There seems to be some knowledgeable people posting in here, what are you opinions on me scooping up a used 6950 ? in the 200-225 range, just make sure its a 2GB model?
The more I think about paying $350, it's crazy... my cpu + mobo cost way less
What games do you intend to play?
What's your gaming resolution?
What's your PSU?
I think you should wait a week to see if GTX680 forces any price drops on HD7000 line-up. It might not, but it doesn't hurt to wait.
If you are buying new, HD7850 is a better card at $250 than a used HD6950 imo. The reason we think it's overpriced is because at stock speeds it basically offers the same performance as a card that's more than 1 year old. If you are buying new though, HD7850 isn't a terrible deal from what's available, but it doesn't quite move the performance/$ from HD6950.
I personally think $350 for HD7870 is too much. GTX680 launches this week for $500, which may mean $50 price cut across the entire HD7000 line. Maybe.
If you are playing WOW, Diablo 3, Starcraft 2, then HD6870 for $160 is a great card (even HD6850 will suffice). If you are playing Battlefield 3, Witcher 2, Crysis 2, Shogun 2, then a used HD6950 is prob. the minimum I'd look at. The problem is at stock speeds HD6950 isn't that much faster than the HD6870.

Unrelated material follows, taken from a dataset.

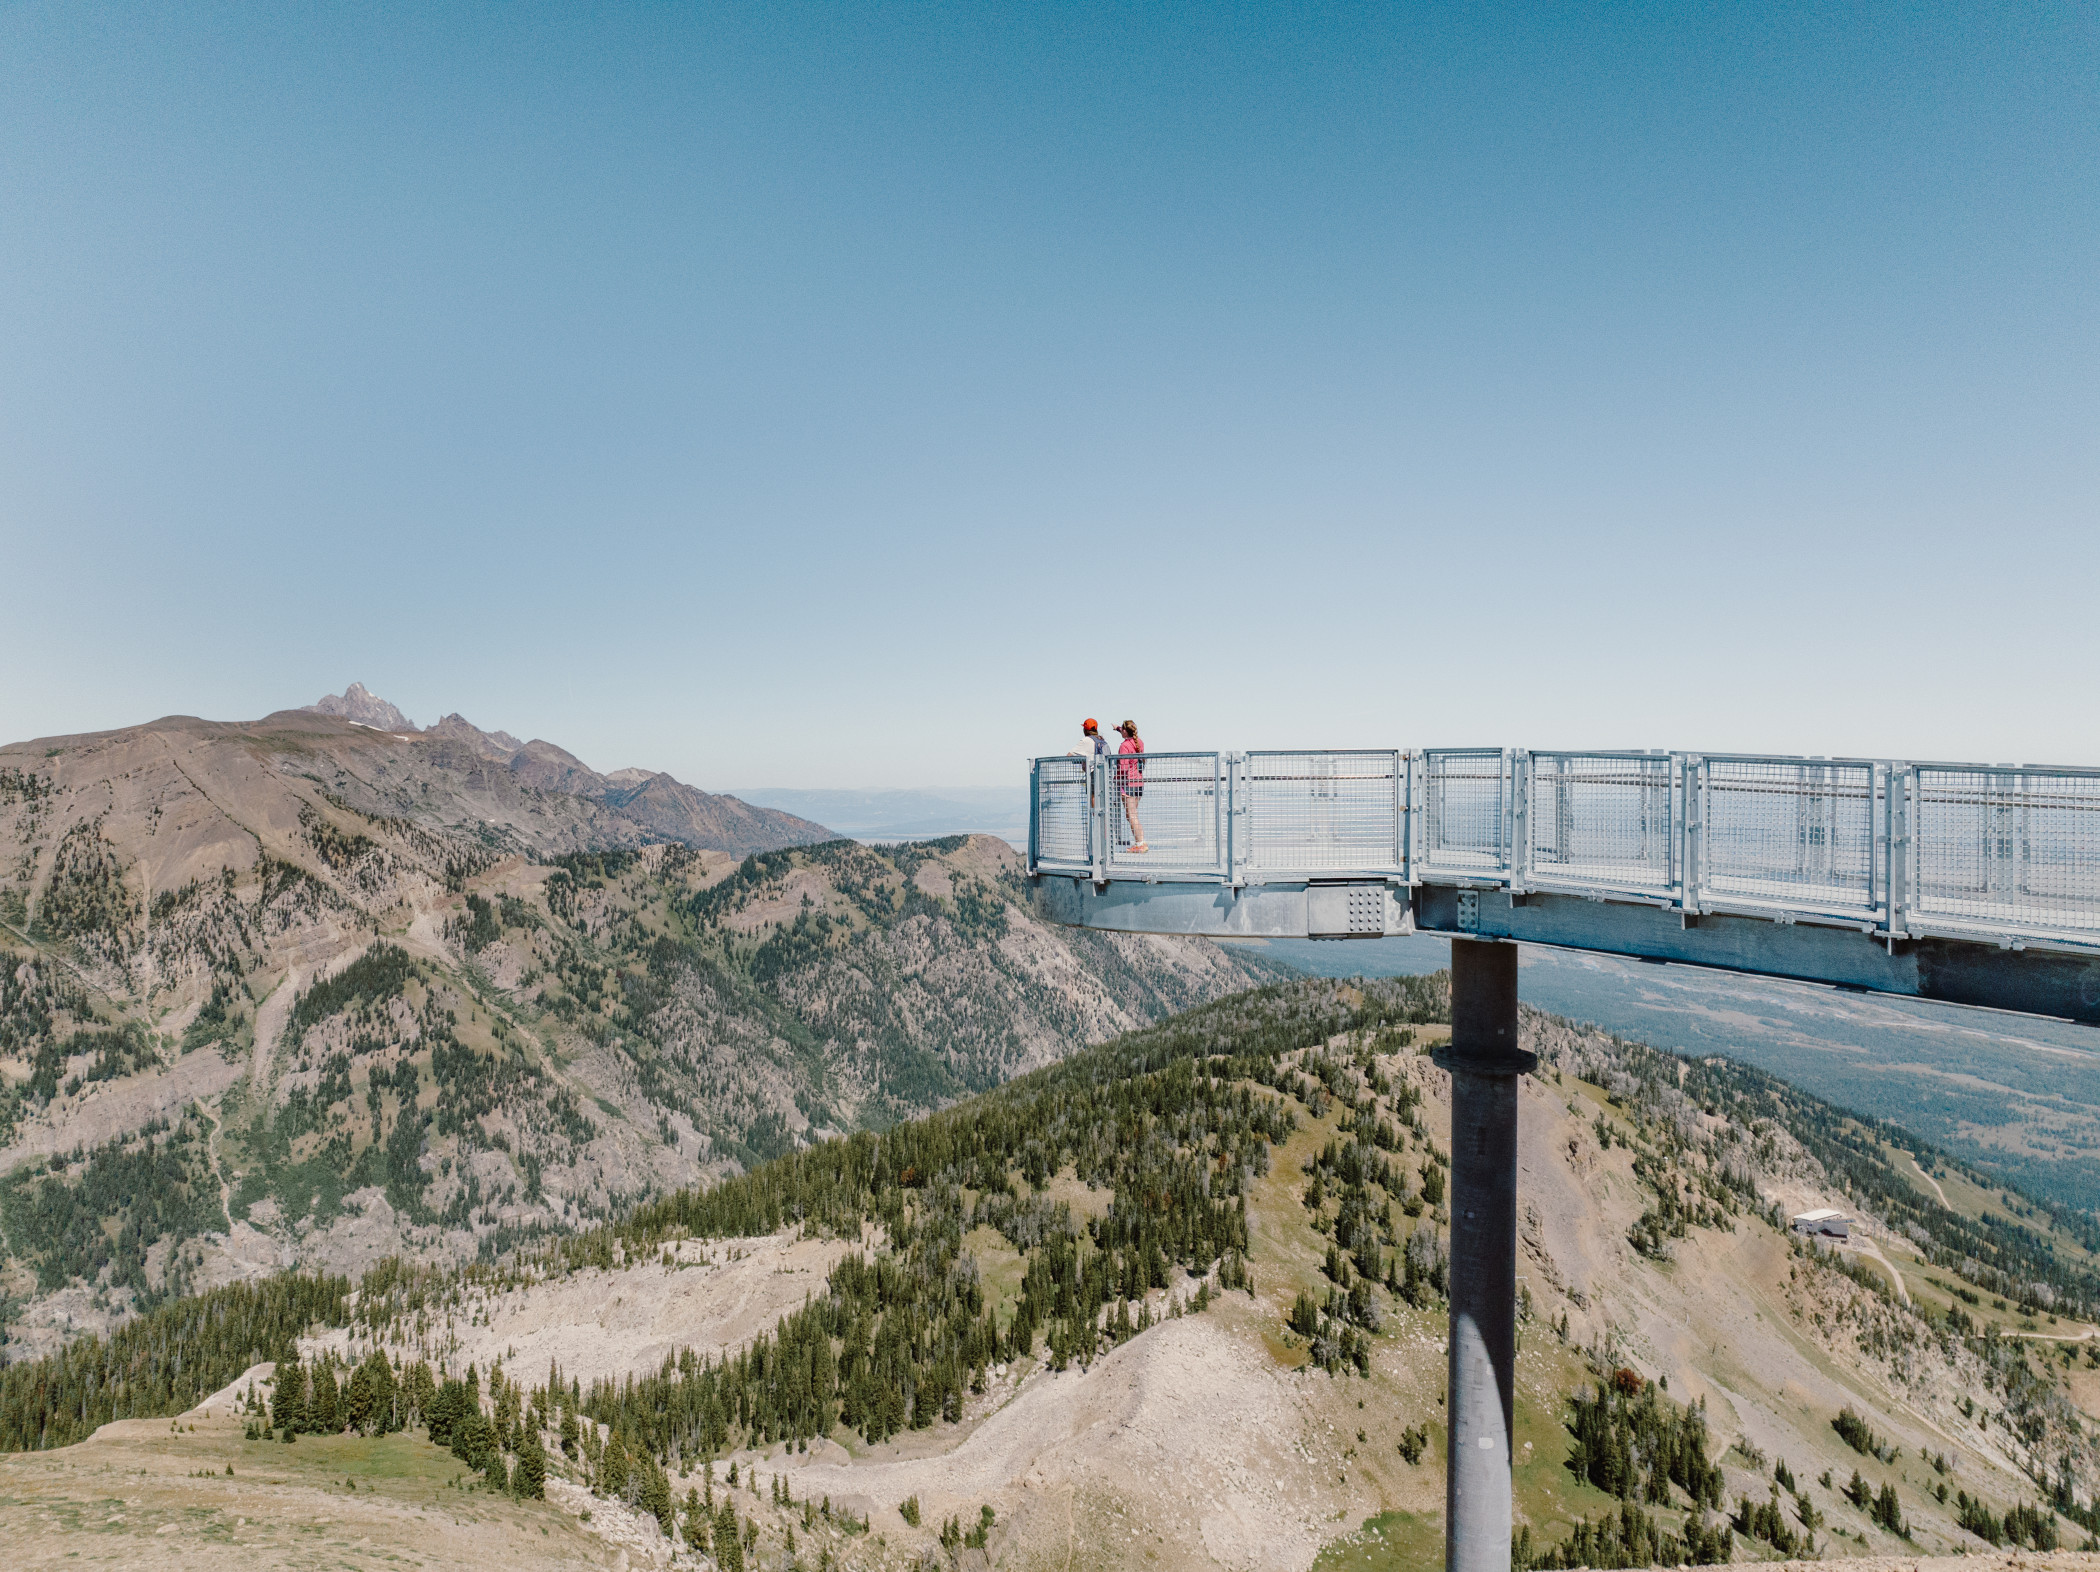 A viewing platform overlooking the mountains
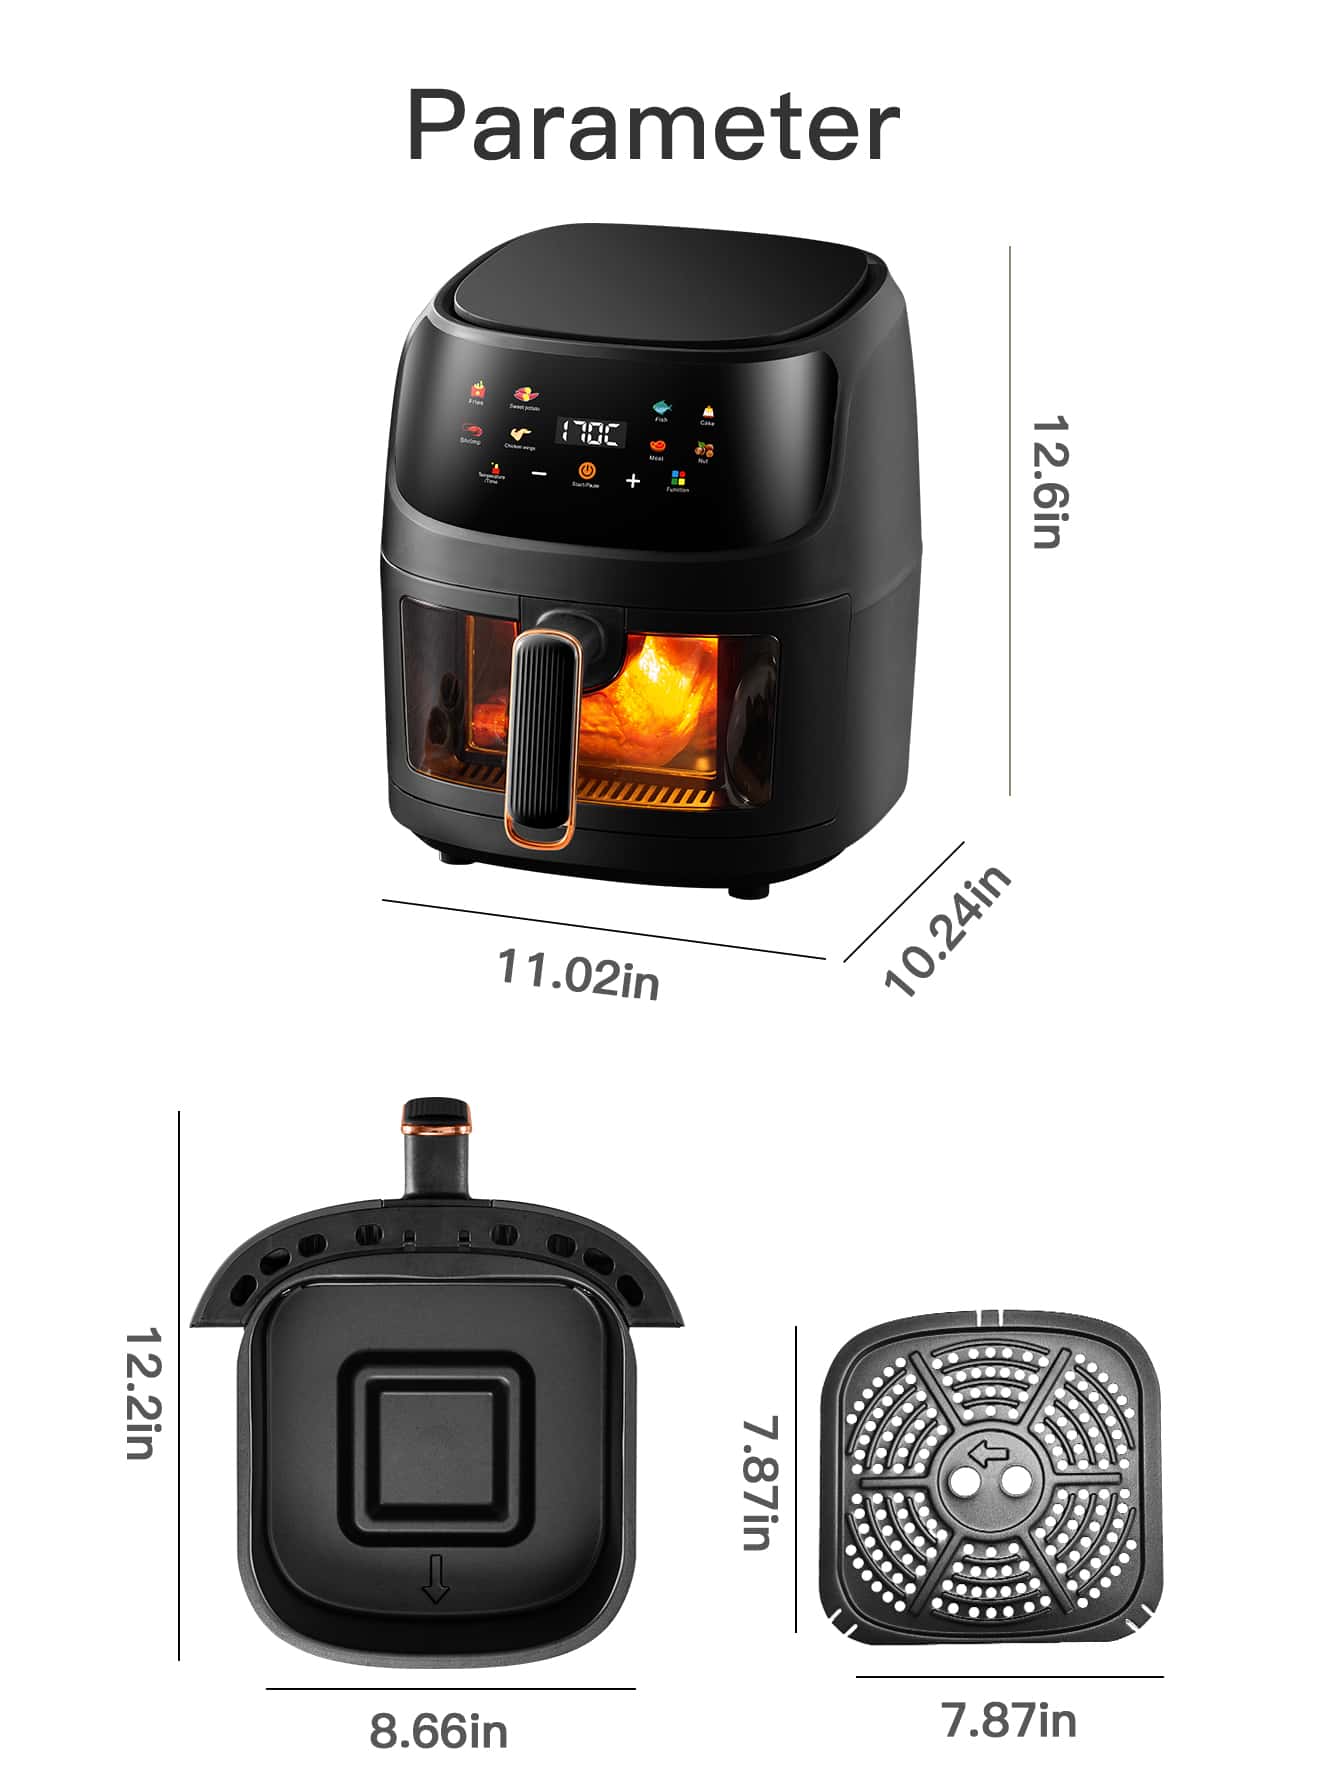 1pc Desktop Electric 6l Large Capacity Multi-functional Visible Air Fryer Qf-606 With Color Touch Screen, Suitable For Party Chicken Wings, Fries, Steak, For Home Cooking-Black-10

Just look at these charts:
http://www.computerbase.de/artikel/...70-und-hd-7850/5/#abschnitt_leistung_mit_aaaf
HD6870 is the best bang for the buck right now if you are willing to tone down some settings and don't mind upgrading in 2 years. It's just 16% slower at 1080P than a $260 HD7850. Not bad, especially if you don't care to mess with overclocking, etc.
Here is a personal tip:
I tend to buy $175-250 GPUs and upgrade every 2 years rather than choosing to buy a $350-550 GPU and keeping it for 4-5 years. I have found this strategy gets me more value over time (especially since cards get much faster 2-3 years out while a brand new $550 card is too slow in 3-4 years). In that regard, it's better to get a $160 HD6870 today (put aside $190), keep it for 2 years, and then get a new $200 card in 2014 rather than to buy an HD7870 for $350 today and keep it until 2016. If you can find a used HD6950 2GB for $180-190, also good deal to start your path. Alternatively, there are used HD6870s too.
However, this can't work if you need to max out every game all the time, play at 1600P, game on multiple monitors, want the best features that new cards have, want the benefits of lower power consumption of newer cards, need to have the latest and greatest, etc. This is my personal budget approach that I find has worked well. Some other people on our forum get $500+ cards and try to sell them before they plummet in price significantly right before the next generation $500 card is out. This requires very tricky market timing and constant reselling. This can also work if you do it right but if you miss the timing your card may plummet hundreds of dollars in a matter of months if not weeks.
Just to give you an idea a $500 GTX480 came out March 26, 2010 and Newegg had a sale on it for $210 just this month, and last year it was on sale for $175-200 on Newegg as well.